„Katastrophenhausse“
Börse: Die wundersame Geldvermehrung

Der Weltuntergang ist verschoben. Jetzt wollen die Investoren wieder Geld verdienen. Aber wie lange geht das noch so weiter? Wenn eine Theorie stimmt, die vor allem in der Abgeschiedenheit von Internetforen und Börsenbriefen gedeiht, dann steht der nächste, große Crash bevor.

FRANKFURT. Die Börse legen seit Wochen zu, der dax steht wieder über 5 000 Punkten. Und Investoren bekommen langsam Angst, die Rally zu verpassen. Irgendwo muss das Geld schließlich hin, nachdem die Notenbanken ihren Leitzins zuletzt drastisch gesenkt haben und verzinste Anlagen kaum noch Rendite abwerfen. Aktien sind daher im Moment die erste Wahl.

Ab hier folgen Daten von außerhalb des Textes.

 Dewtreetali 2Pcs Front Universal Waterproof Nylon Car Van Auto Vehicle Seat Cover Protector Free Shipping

Ist der rasante Aufschwung, den wir derzeit an den Börsen erleben, nicht vollkommen übertrieben? Wenn eine Theorie stimmt, die vor allem in der Abgeschiedenheit von Internetforen und Börsenbriefen gedeiht, dann steht der nächste, große Crash bevor. Der jetzige Aufschwung: Eine rauschende Party vor dem großen Knall!

Die Untergangspropheten berufen sich dabei auf Ludwig von Mises (1881 bis 1973). Der österreichische Ökonom beschrieb ein Phänomen, das auch als "Katastrophenhausse" bezeichnet wird. Sie wird befeuert von der Angst der Anleger, ihr Geld könne an Wert verlieren. Von Mises gilt als radikaler Liberaler und wichtiger Vertreter der Österreichischen Schule. Selbst Hayek und Friedman nannte er einen "Haufen von Sozialisten".

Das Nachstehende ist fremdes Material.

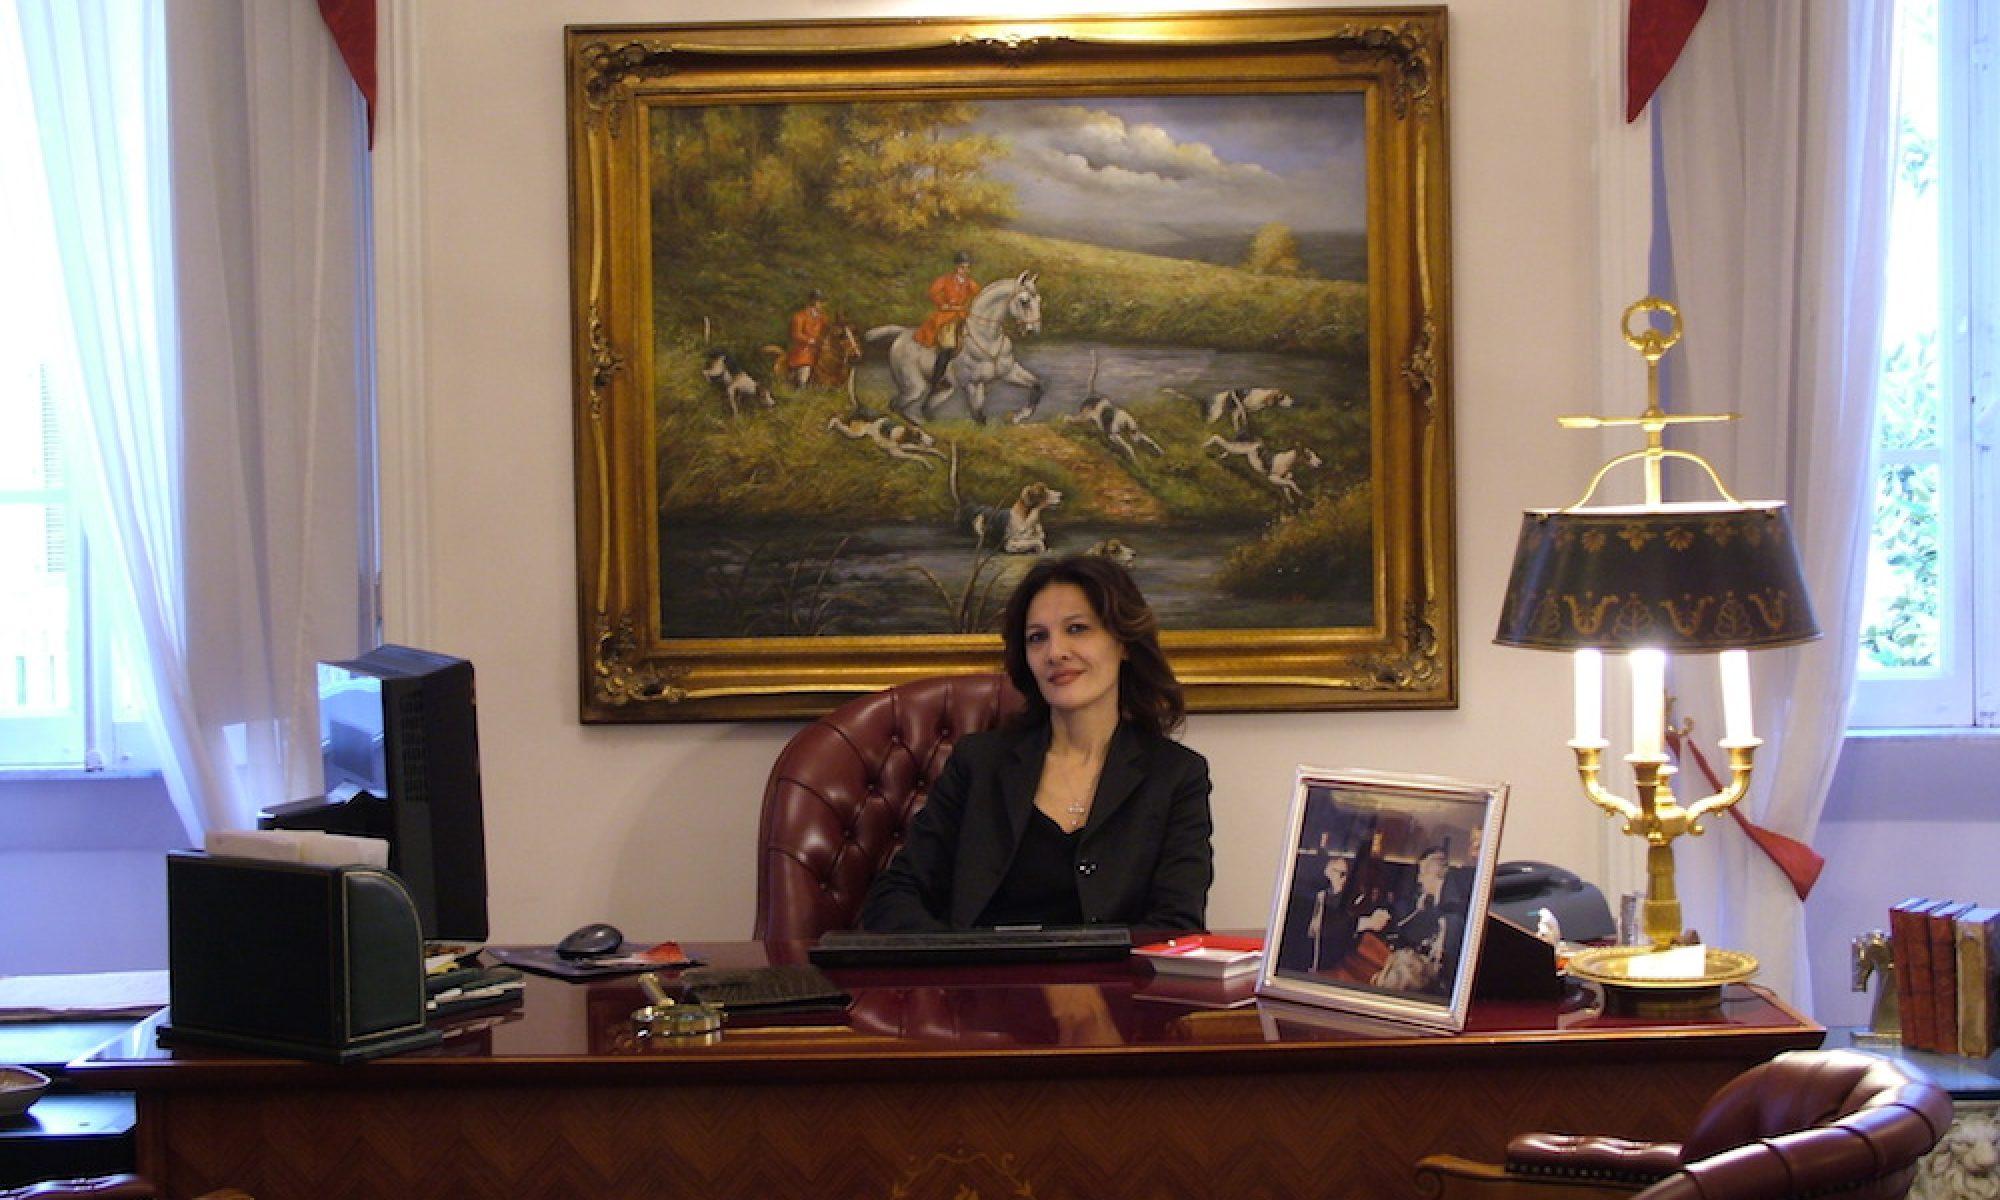 Avvocato Angelica Parente
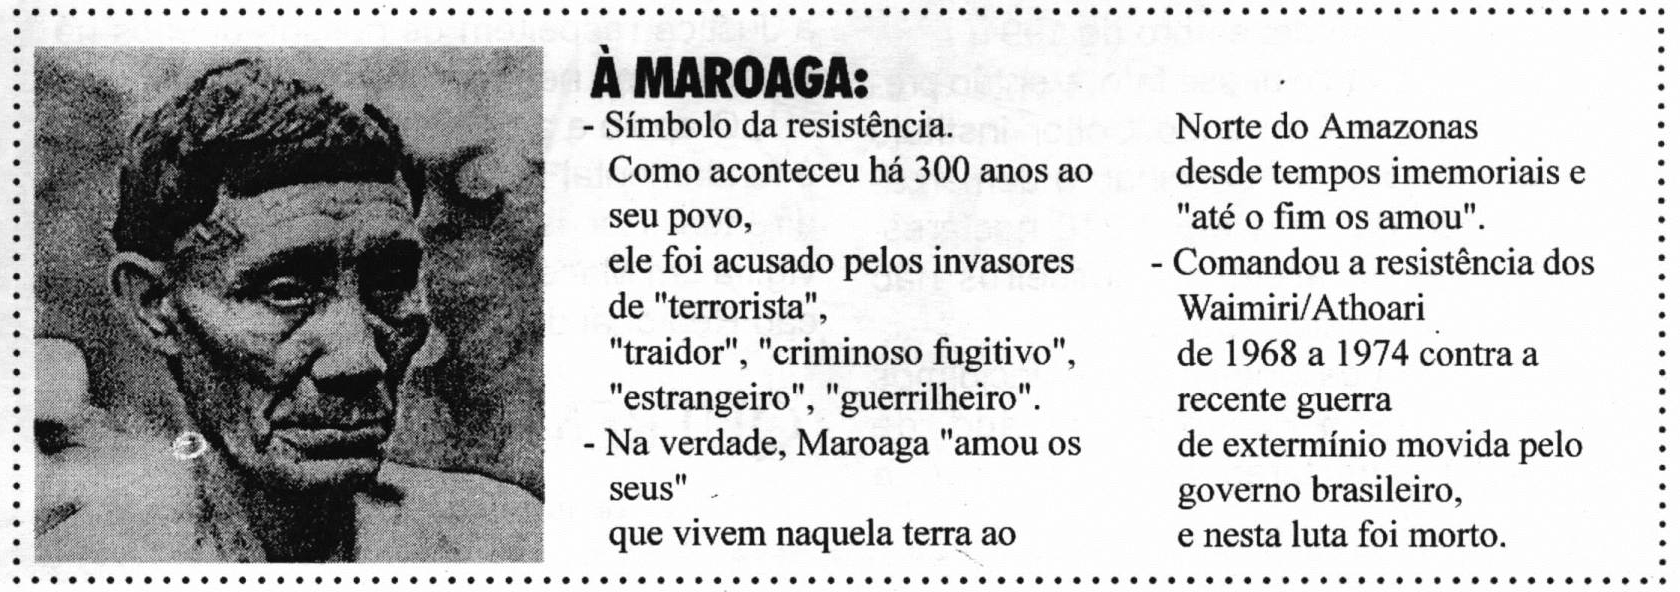 Maroaga

Vereinfacht gesagt geht es bei der "Katastrophenhausse" um Folgendes: Weil die Zentralbanken weltweit die Notenpresse anwerfen, ist das gedruckte Geld immer weniger wert. Aus Furcht vor massiver Geldentwertung flüchten die Anleger in Sachwerte. Dies treibt wiederum die Preise für Aktien, Immobilien oder Gold in die Höhe - aber nur so lange, bis die Blase endgültig platzt. Das klingt beunruhigend. Nicht nur Spinner, sondern auch mancher ernst zu nehmende Experte warnt vor einer Blase infolge hoher Inflationsraten.